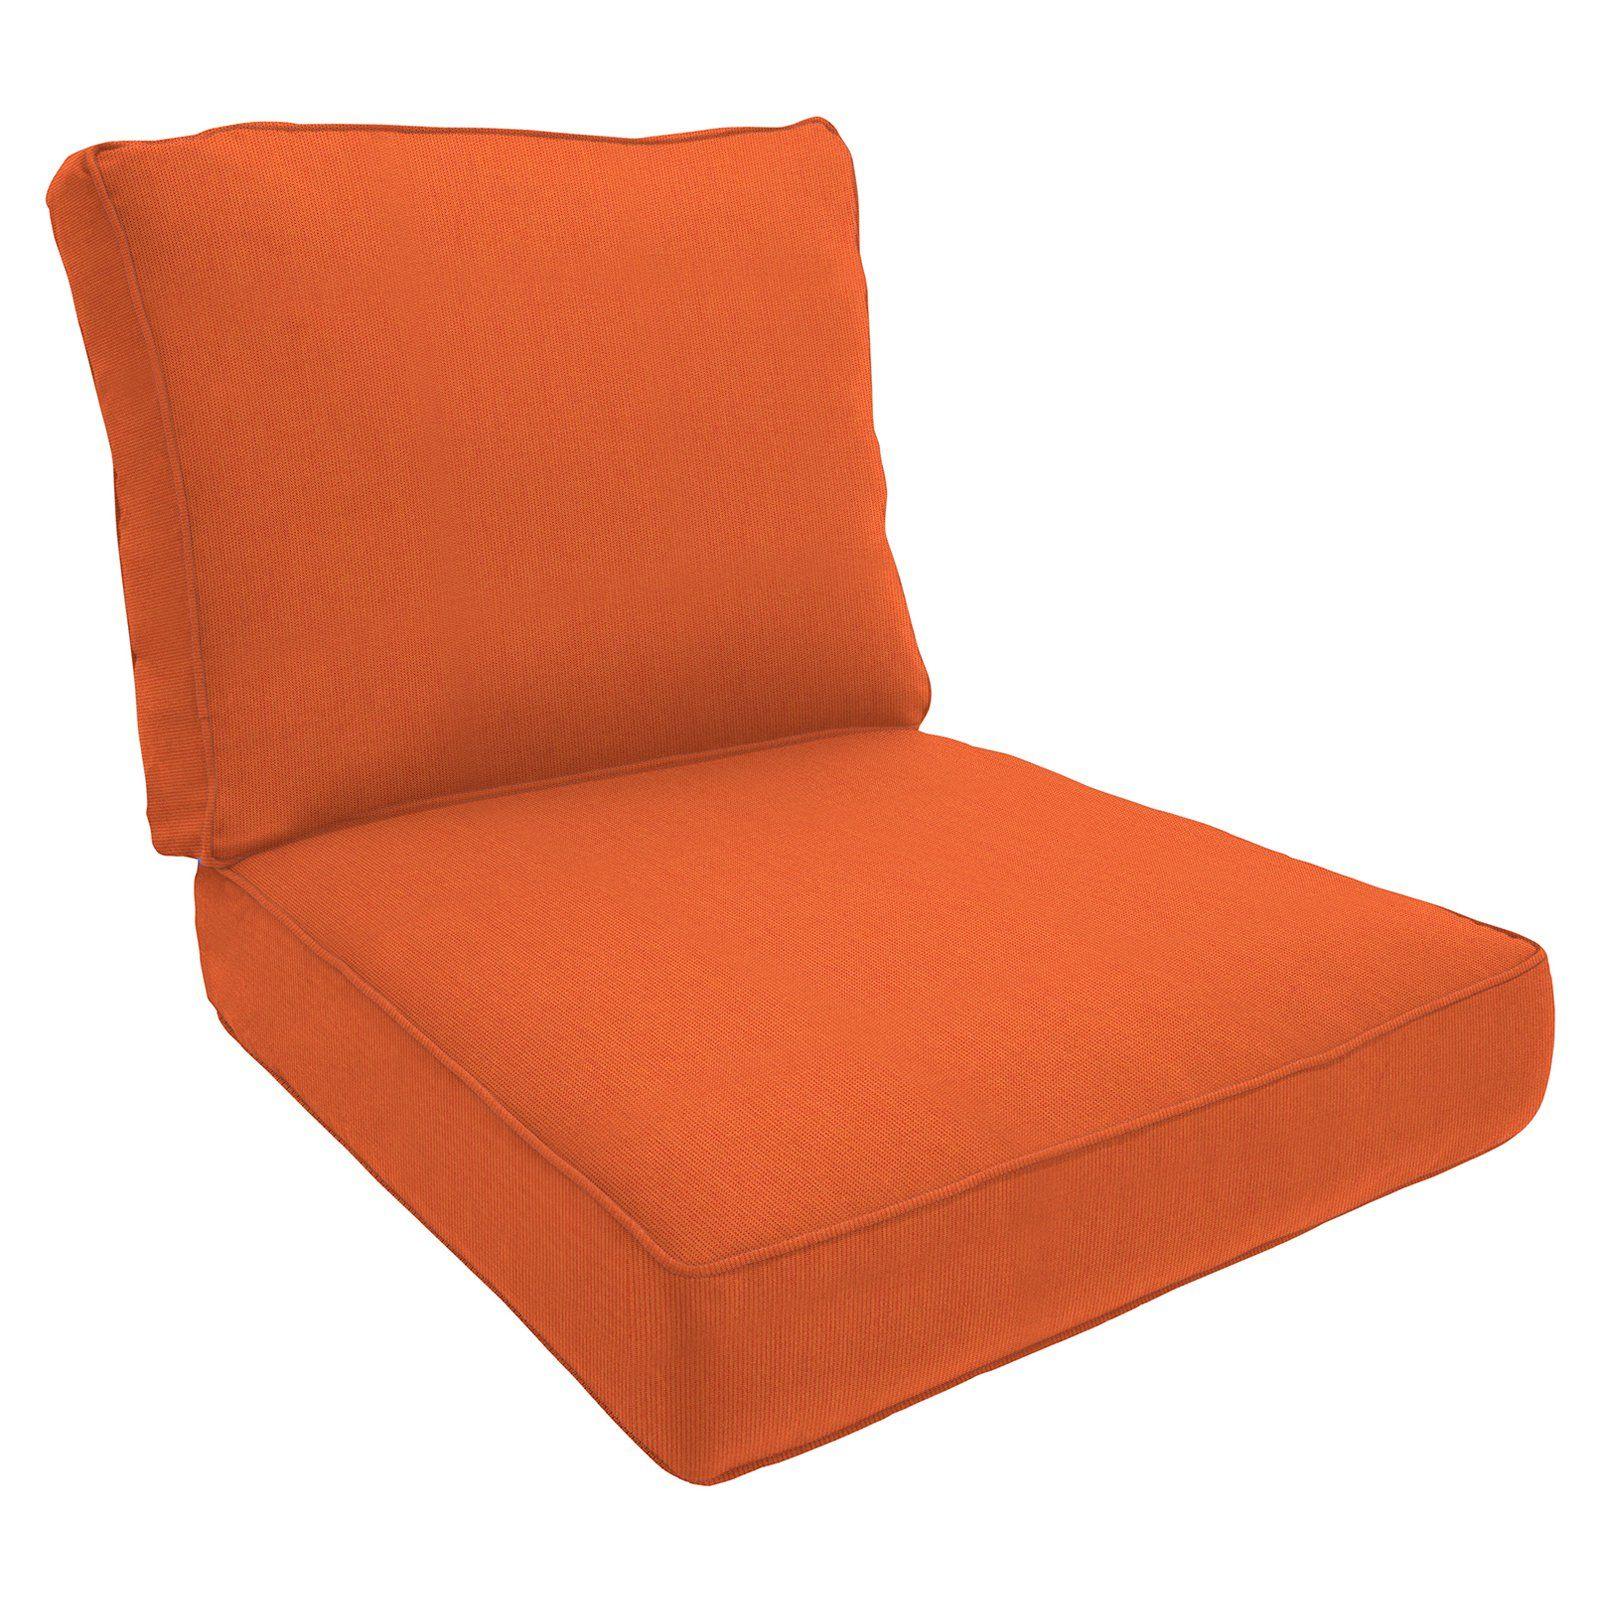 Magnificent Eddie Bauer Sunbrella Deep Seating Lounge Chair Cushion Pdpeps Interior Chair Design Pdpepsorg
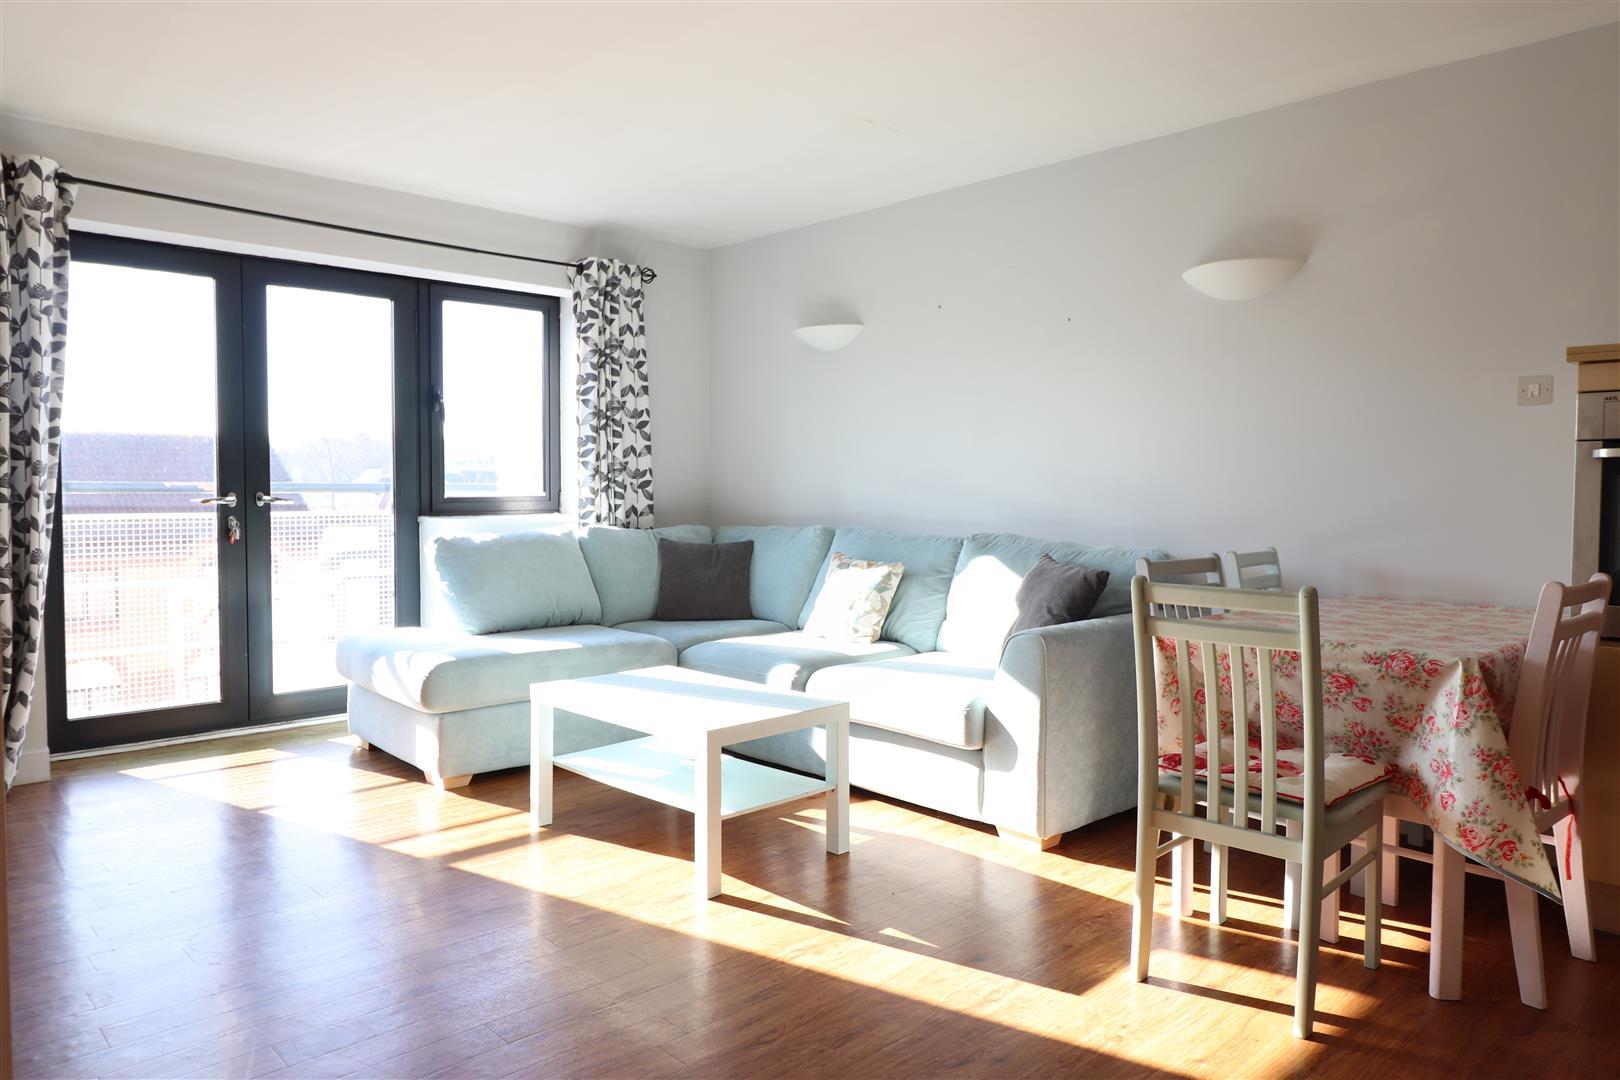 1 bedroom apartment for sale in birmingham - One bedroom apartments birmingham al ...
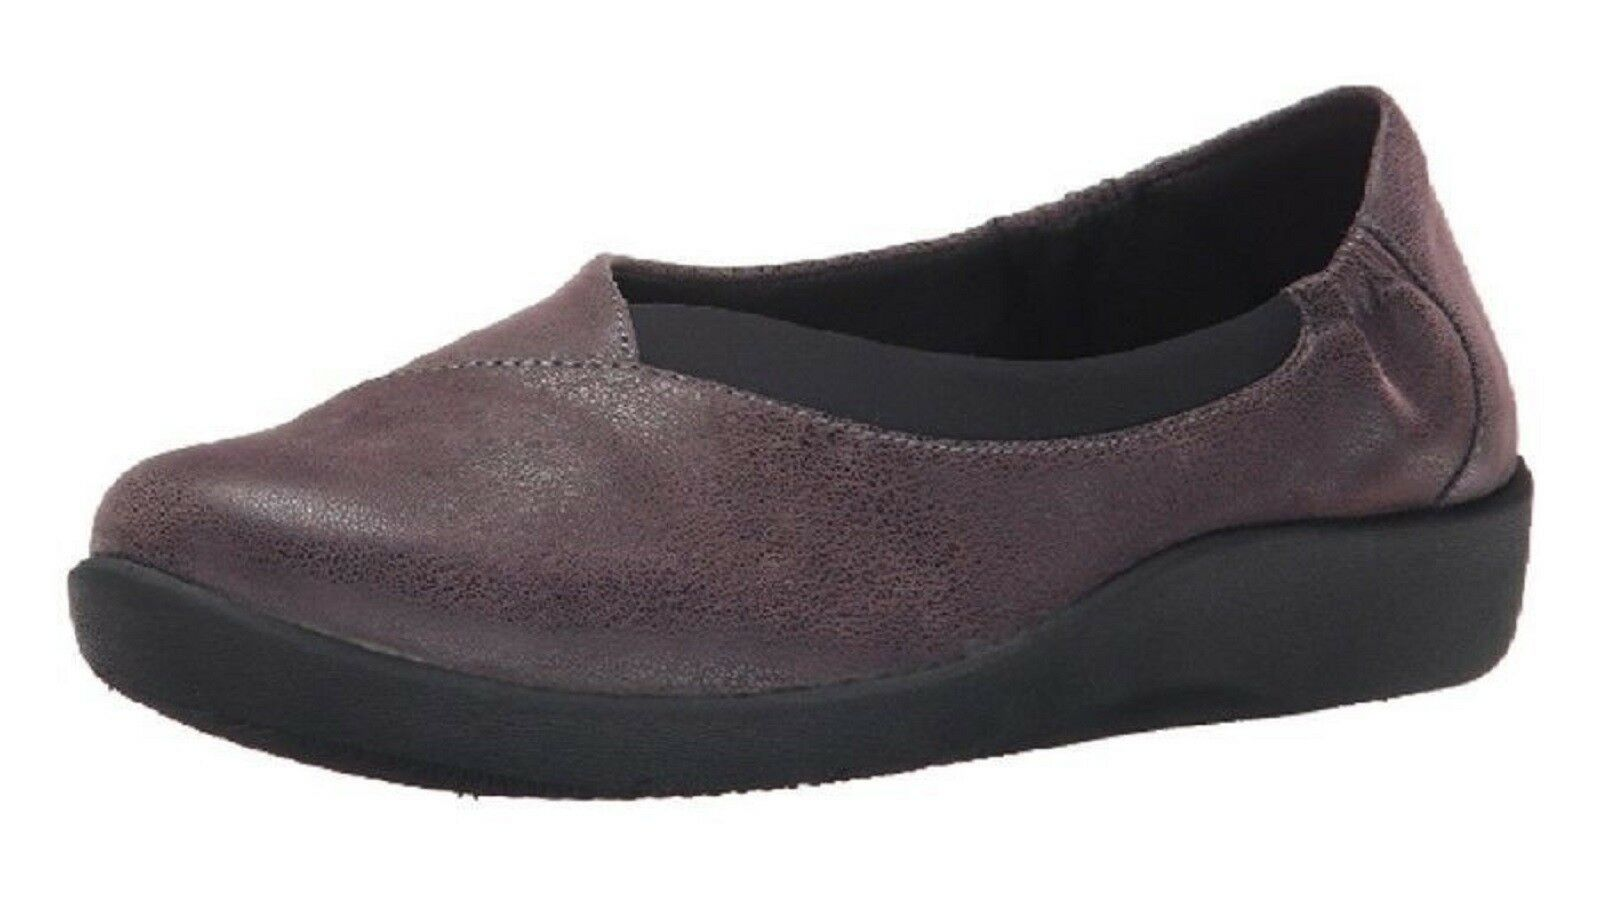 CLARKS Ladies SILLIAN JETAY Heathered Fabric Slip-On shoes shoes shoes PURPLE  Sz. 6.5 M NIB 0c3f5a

Goal of the exercise. The answer should be an exact copy of the material, with its pictures removed.

Task solution.
 Magnificent Eddie Bauer Sunbrella Deep Seating Lounge Chair Cushion Pdpeps Interior Chair Design Pdpepsorg
 1 bedroom apartment for sale in birmingham - One bedroom apartments birmingham al ...
 CLARKS Ladies SILLIAN JETAY Heathered Fabric Slip-On shoes shoes shoes PURPLE  Sz. 6.5 M NIB 0c3f5a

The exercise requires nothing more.